Given information

%%

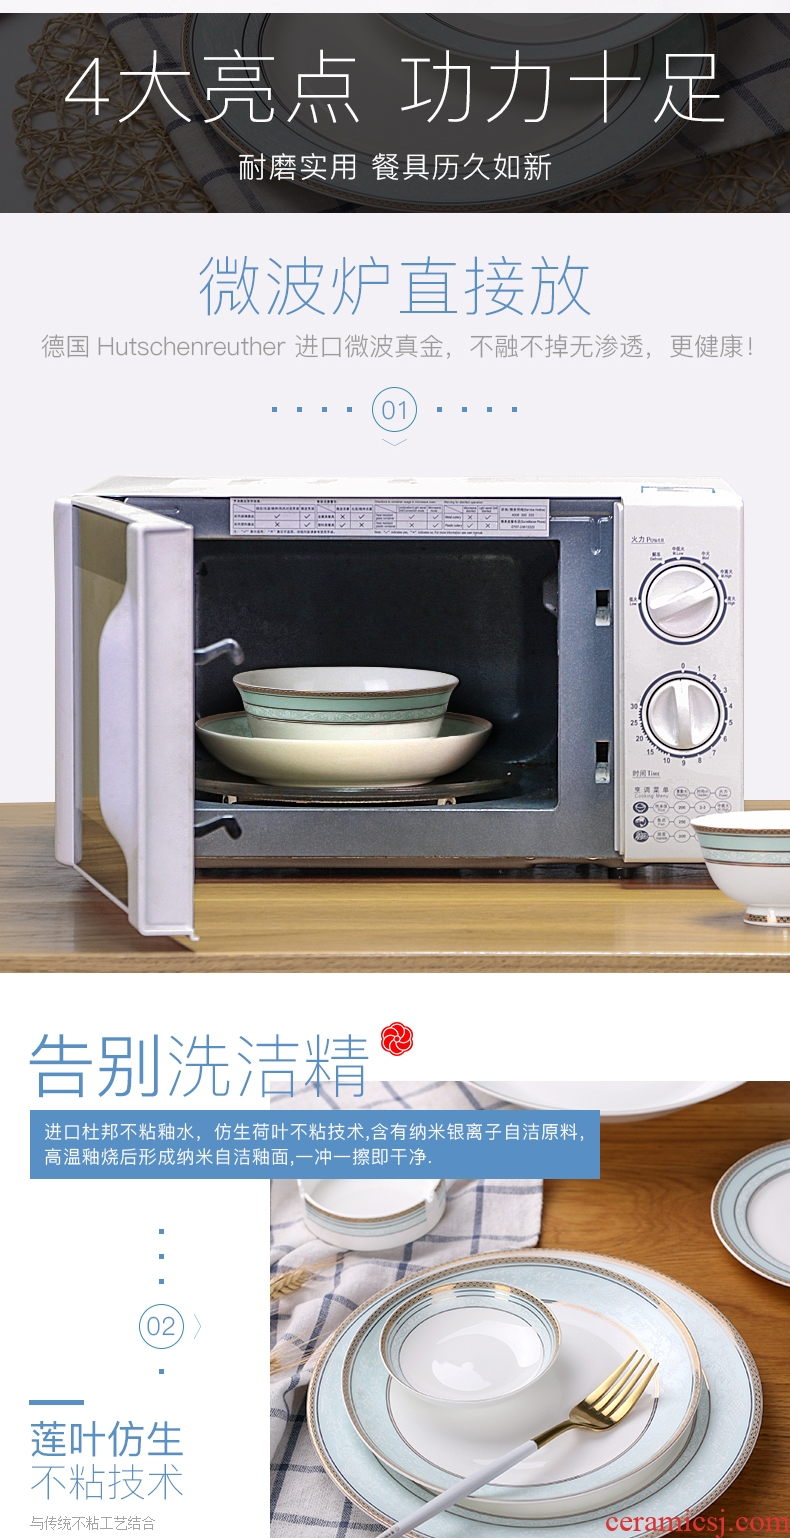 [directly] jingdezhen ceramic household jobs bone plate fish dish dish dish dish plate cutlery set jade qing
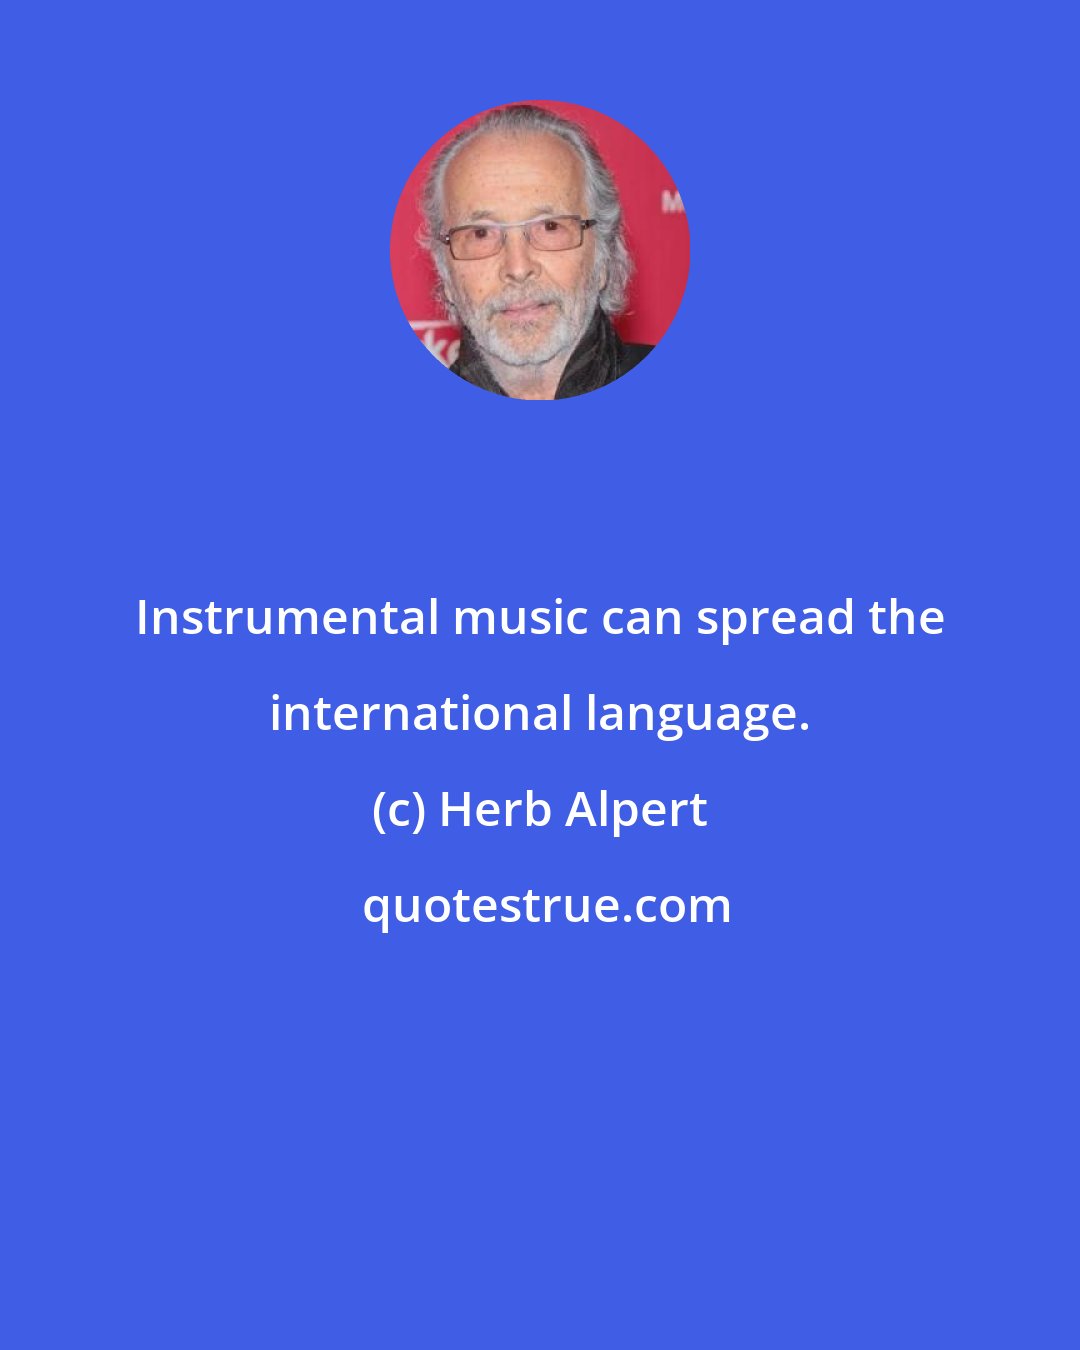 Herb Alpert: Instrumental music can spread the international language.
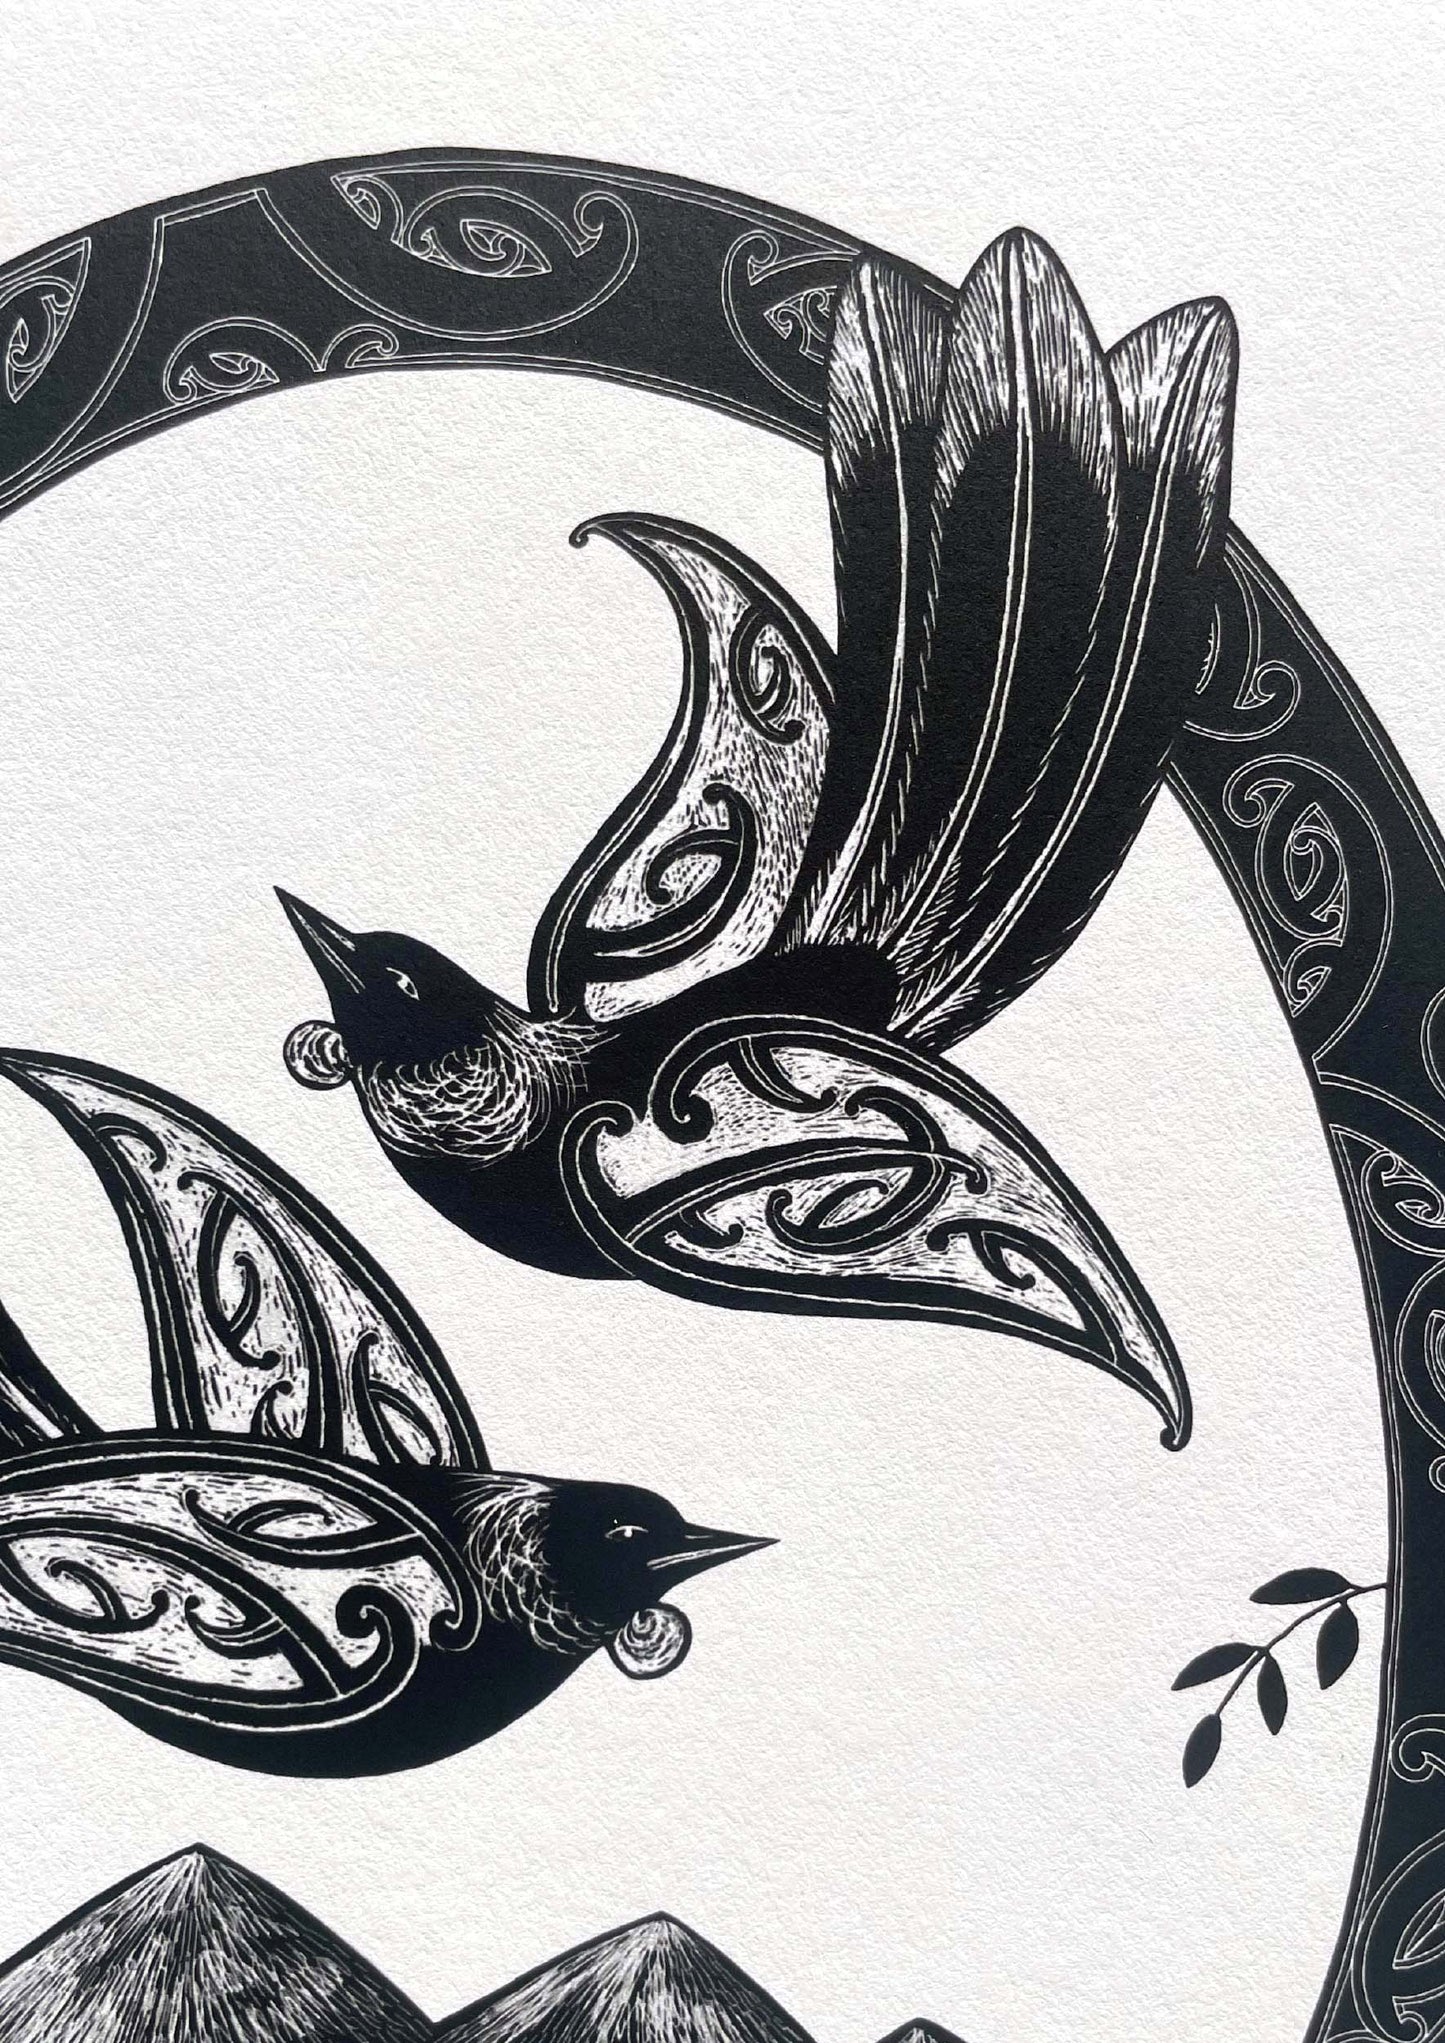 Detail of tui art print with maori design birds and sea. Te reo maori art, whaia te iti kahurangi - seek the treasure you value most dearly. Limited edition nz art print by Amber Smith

%%

Prompt
Each line of the data should be printed again exactly. Please leave pictures out.

Problem solution
 [directly] jingdezhen ceramic household jobs bone plate fish dish dish dish dish plate cutlery set jade qing
 Herb Alpert: Instrumental music can spread the international language.
 Detail of tui art print with maori design birds and sea. Te reo maori art, whaia te iti kahurangi - seek the treasure you value most dearly. Limited edition nz art print by Amber Smith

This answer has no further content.